Арзур Палло почтительно посторонился перед монахиней, а Тимофей шел прямо на нее возле перил. Монахиня остановилась и не хотела уступить дорогу.
Ионыч взглянул на монахиню:
– Вам кого, матушка?
– Мне бы хозяюшку повидать, Евгению Сергеевну. Монахиня явилась от его преосвященства архиерея Никона.
Солдат жался у двери, диковато поглядывая на большущие, под потолок, зеркала в резных рамах, на мягкие диваны, на парадную лестницу, застланную шикарным ковром снизу доверху, и особенно поразила солдата голая женщина на пьедестале, прикрывающая ладонью стыд, – «экая невидаль! Словно живехонькая, окаянная».
В прихожей похаживал Гавря – в выдровой шапке с длинными ушами, в меховом пальто нараспашку и в волчьих унтах на толстущих подошвах – и по сырости ходить можно, и по снегу зимой: таежная обувка.
До того как в прихожую спустился Арзур Палло с Тимофеем, Грива потешался над солдатом.
– Давай-ка, дружище, уволокем эту бабенку, а? Какая, а? С такой бы по вселенной, чтоб звезды сшибать, а?
– Бабенка складная.
– Венерой называется. Таких Венер натесано – дай боже. И нам бы одну на двоих, а?
– Куда с каменной. Кабы живая.
– Расщепай меня на лучину, живой такой не сыщешь. Чур!
Пригнув голову, сдвинув шапку на затылок и закинув ее уши на спину, Гавря уставился на Арзура Палло, чинно шествующего вниз со ступеньки на ступеньку.
Арзур Палло пригласил брата к себе в комнату, и они ушли.
Курносый приземистый солдат в старенькой шинели, в разбухших ботинках все еще топтался у двери.
– Ко мне? – обратился к нему Тимофей. Солдат щелкнул задниками ботинок.
– Так точно, ваше благородие.
– Отставить. Честь отдавать только в строю, в гарнизоне.
– Так точно. Солдат Купоросов прибыл из исполкома. Дежурю я с отделением от Седьмого полка, Срочно требуют рас, господин прапорщик. В исполком.

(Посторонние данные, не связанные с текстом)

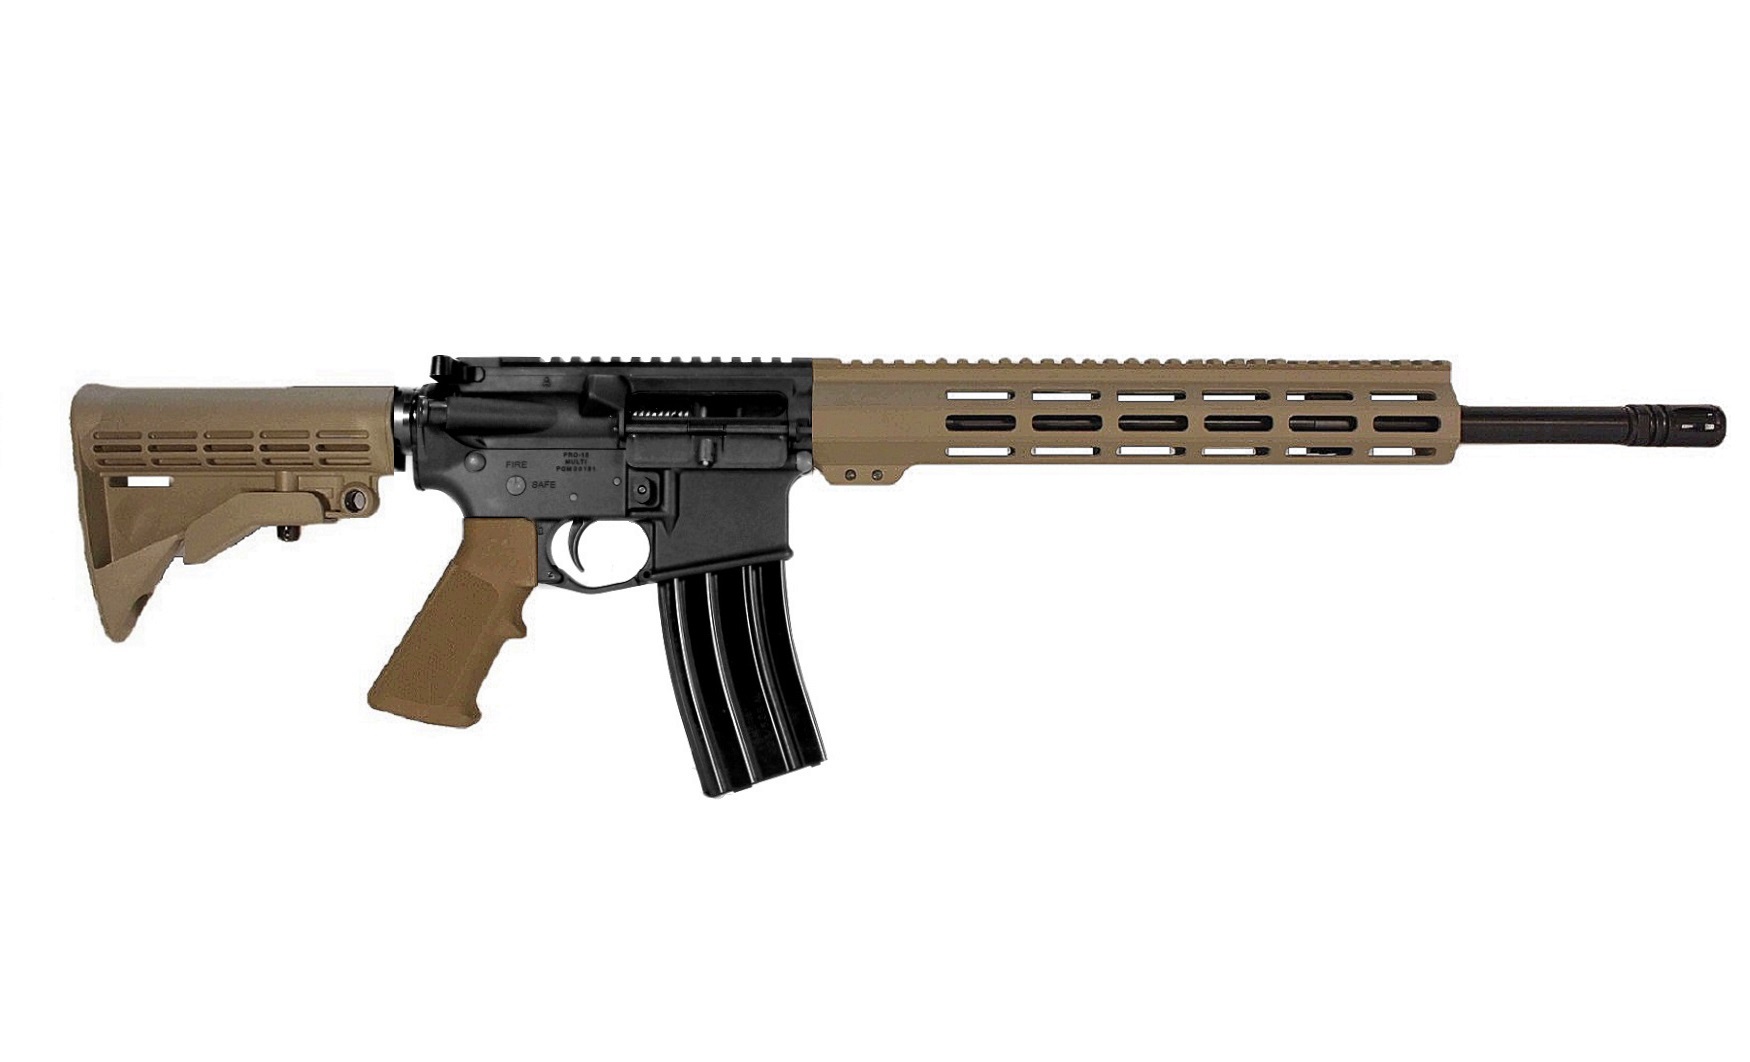 16 inch 6.8 SPC II AR Rifle in BLK/FDE
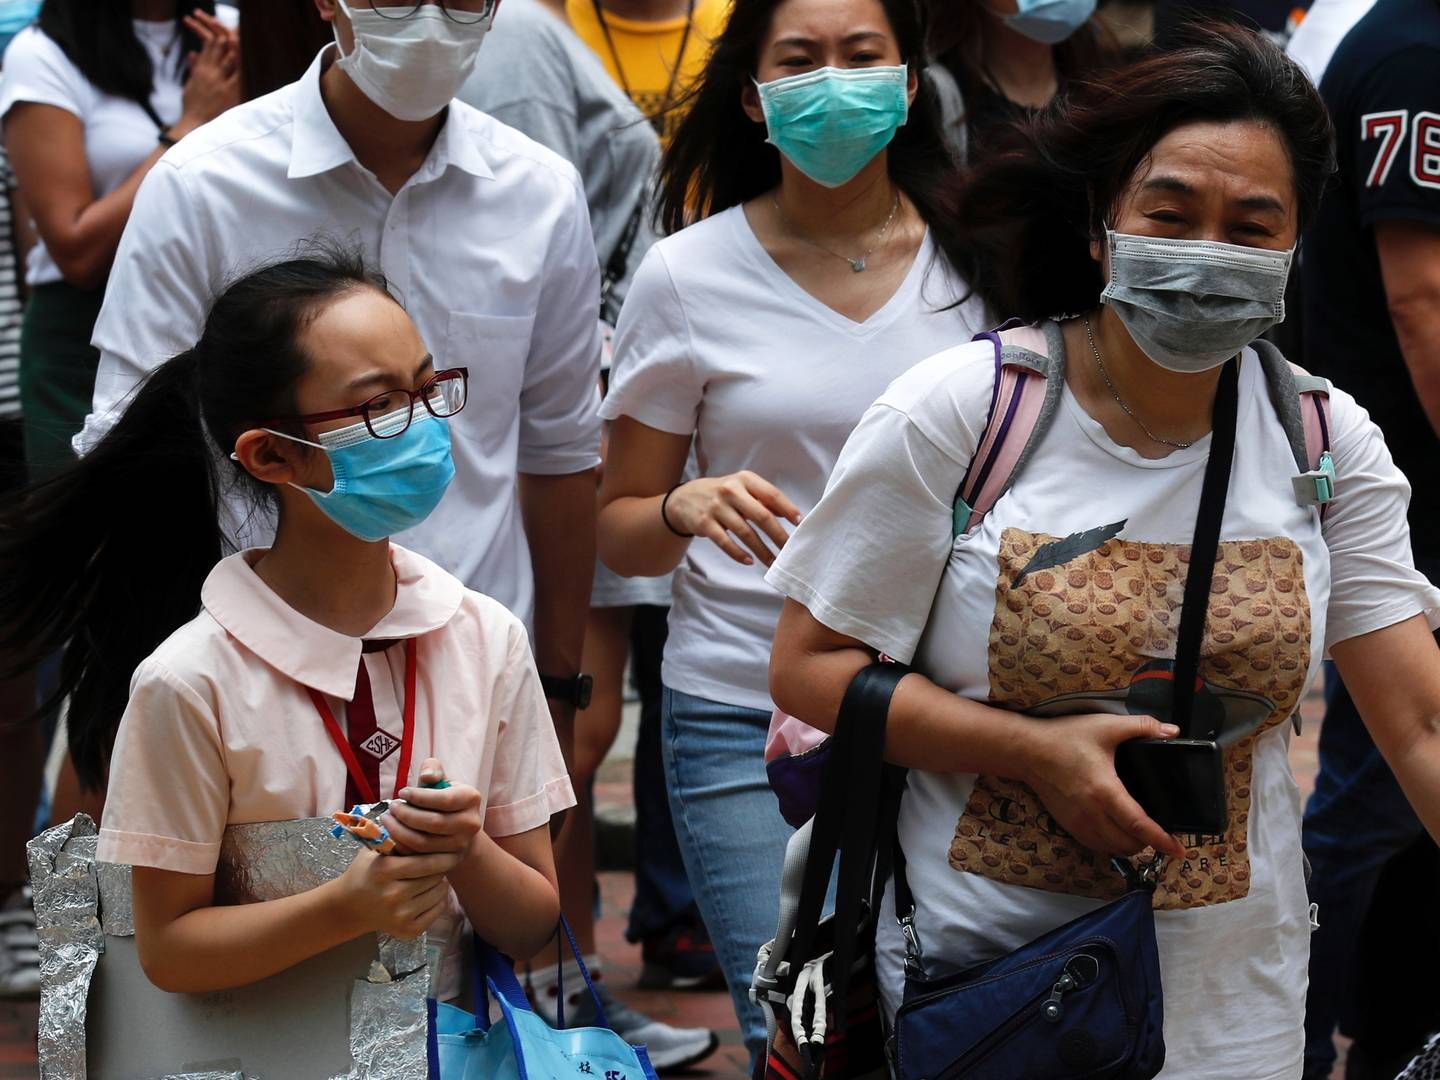 Indbyggere i Hongkong bærer maske for at forhindre smittespredning. Alligevel er den globale bogmesse nu aflyst blot to dage før afviklingen skulle have fundet sted. | Foto: TYRONE SIU/REUTERS/Ritzau Scanpix

– Отставить «господина». Товарищи мы.
– Так точно, товарищи.
– Хорошая у тебя фамилия, Купоросов. Ты еше подсыплешь купоросу господам и высоким благородиям.
– Так точно, товарищ прапорщик. Подсыплем.
– Можешь идти.
Проводив солдата, Тимофей пошел одеться в комнату Дарьюшки.
Закатные лучи солнца цедились, как сквозь сито, через узорчатые тюлевые шторы на грех полукруглых окнах. Резная деревянная кровать Дарьюшки с тремя подушками – чужая кровать! И все здесь, от изразцового камина с пуфами, ковров, картин в рамах на стене до зеркального трельяжа с туалетным столиком, заставленного дамскими пустяковинами, было чужим, холодным и противным.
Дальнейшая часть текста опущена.